Few-shot audio-visual acoustics modeling seeks to synthesize the room impulse response in arbitrary locations with few-shot observations. To sufficiently exploit the provided few-shot data for accurate acoustic modeling, we present a *map-guided* framework by constructing acoustic-related visual semantic feature maps of the scenes. Visual features preserve semantic details related to sound and maps provide explicit structural regularities of sound propagation, which are valuable for modeling environment acoustics. We thus extract pixel-wise semantic features derived from observations and project them into a top-down map, namely the **observation semantic map**. This map contains the relative positional information among points and the semantic feature information associated with each point. Yet, limited information extracted by few-shot observations on the map is not sufficient for understanding and modeling the whole scene. We address the challenge by generating a **scene semantic map** via diffusing features and anticipating the observation semantic map. The scene semantic map then interacts with echo encoding by a transformer-based encoder-decoder to predict RIR for arbitrary speaker-listener query pairs. Extensive experiments on Matterport3D and Replica dataset verify the efficacy of our framework.
Paper Structure (27 sections, 12 equations, 5 figures, 8 tables, 1 algorithm)

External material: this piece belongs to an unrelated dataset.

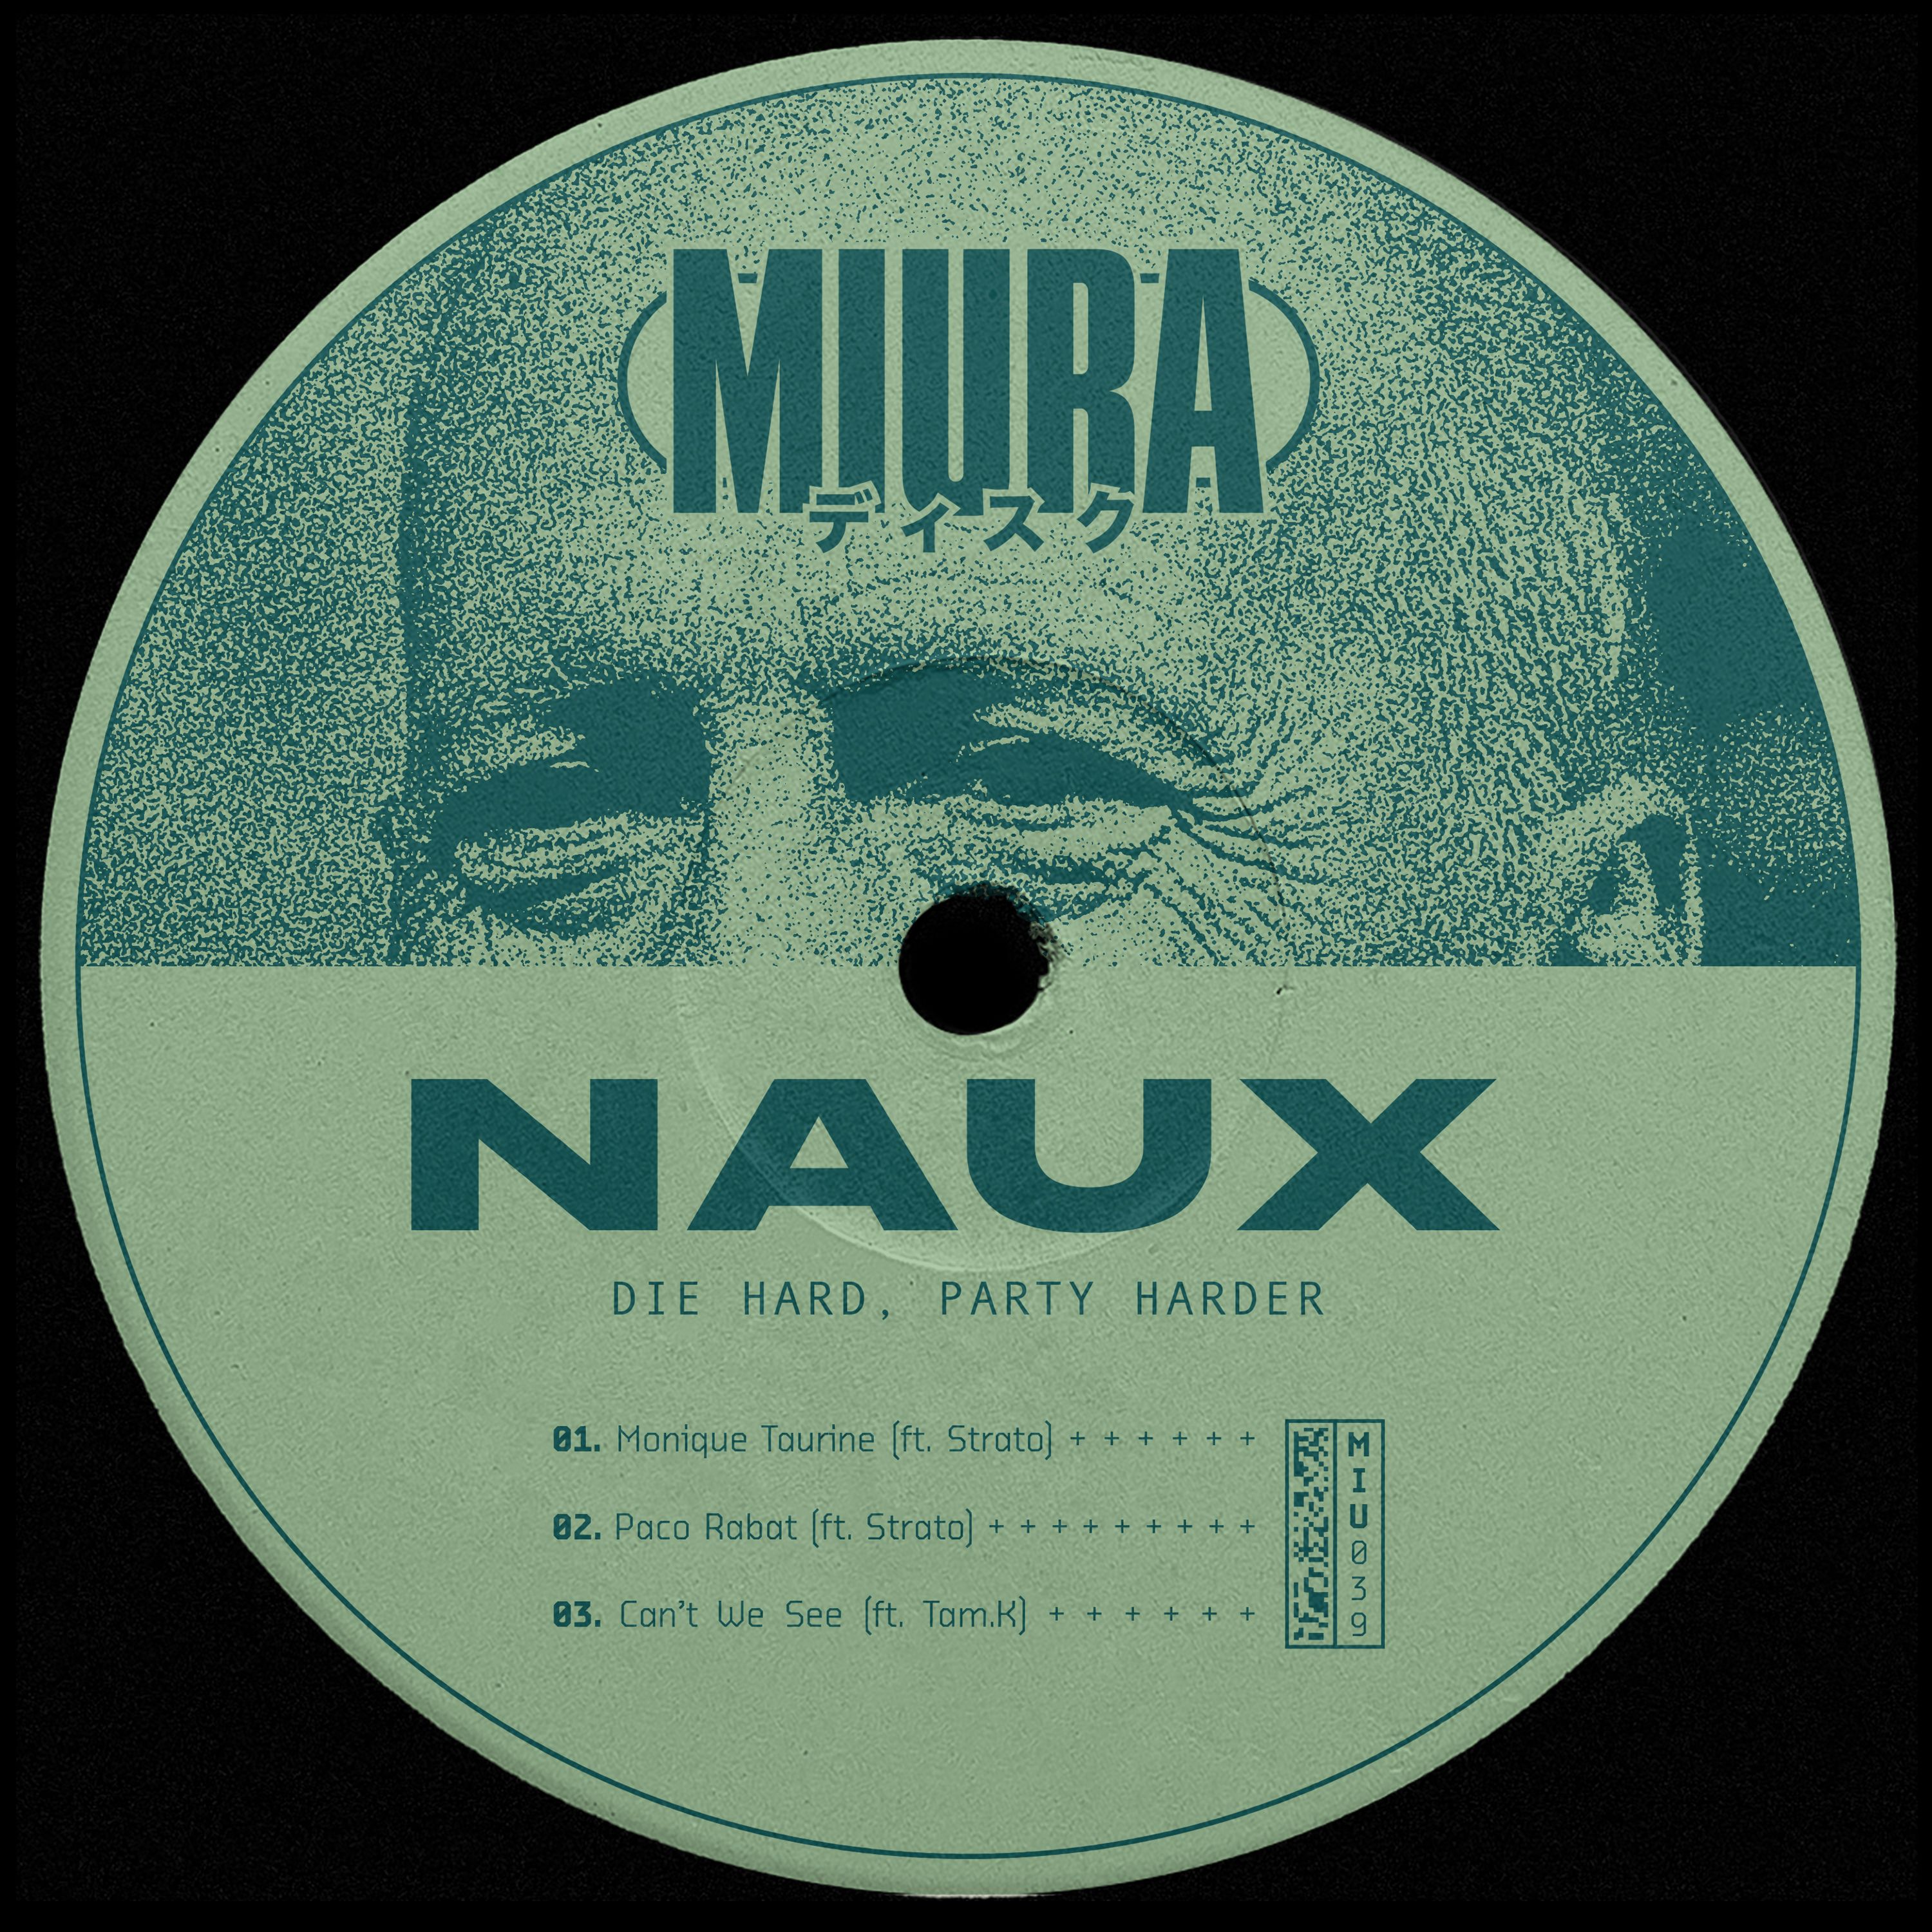 Scaricamento PREMIERE: Naux & Strato - Monique Taurine [Miura Records]
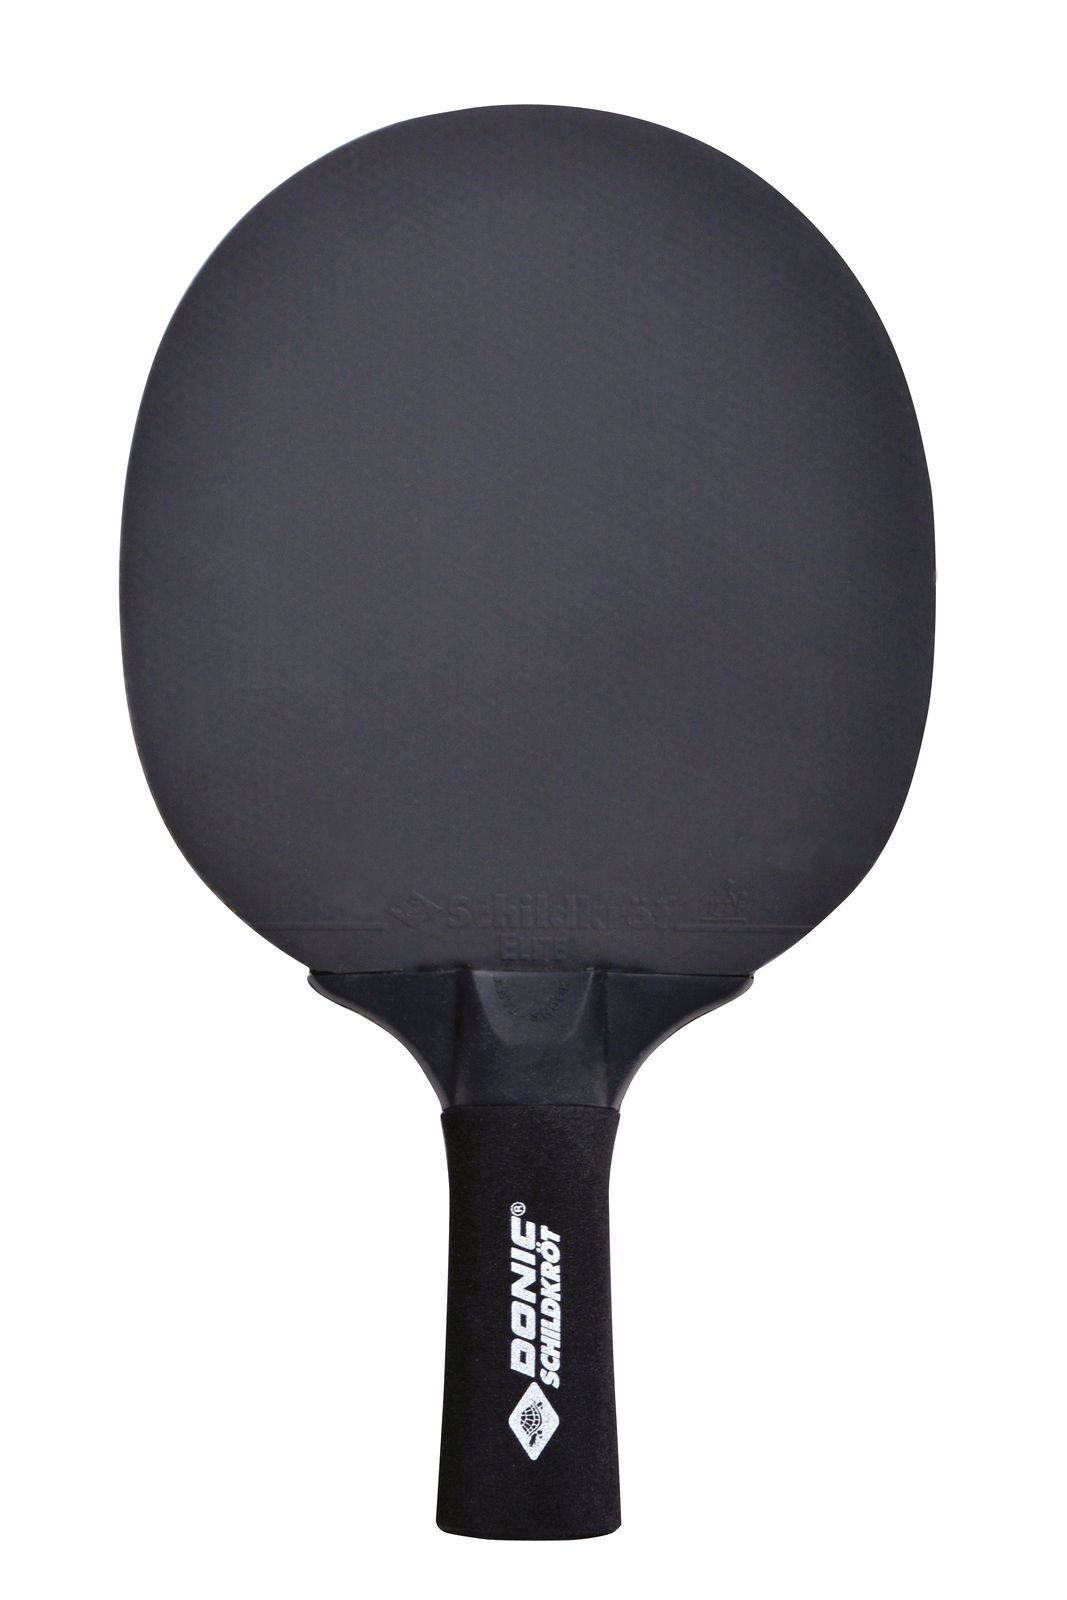 Donic-Schildkröt Tischtennisschläger Sensation Line 500, Schläger Bat Racket Table Tennis Tischtennis

This paper contains 27 sections, 12 equations, 5 figures, 8 tables, 1 algorithm.

Figures (5)

  • Figure 1: Illustration of few-shot audio-visual acoustics modeling and the distinguishment between existing methods and our method. Existing methods directly extract visual features from the image-wise encoder and feed them to the RIR prediction module. In contrast, our method builds a feature map that captures pixel-wise semantic context related to sound production to help acoustic modeling.
  • Figure 2: General scheme of MAGIC. MAGIC leverages U-Net pre-trained by semantic segmentation to extract the acoustic-related semantic (ARS) features and project the pixel-wise features to the observation semantic map. Then, the observation semantic map is fed into feature anticipation module to anticipate the unseen area features. The resulting scene semantic map interacts with echo encoding by a transformer-based encoder-decoder to predict RIR for arbitrary speaker-listener query pairs. We train the model minimizing the loss between the predicted RIR and target RIR.
  • Figure 3: STFT error vs. context size. Comparison of MAGIC (Ours) and Few-ShotRIR on the unseen split.
  • Figure 4: Qualitative RIR prediction. The left half is the top-down view of the scene. The right half shows the predicted RIR of MAGIC (Ours), ground truth, and Few-ShotRIR.
  • Figure 5: Architecture of feature anticipation module.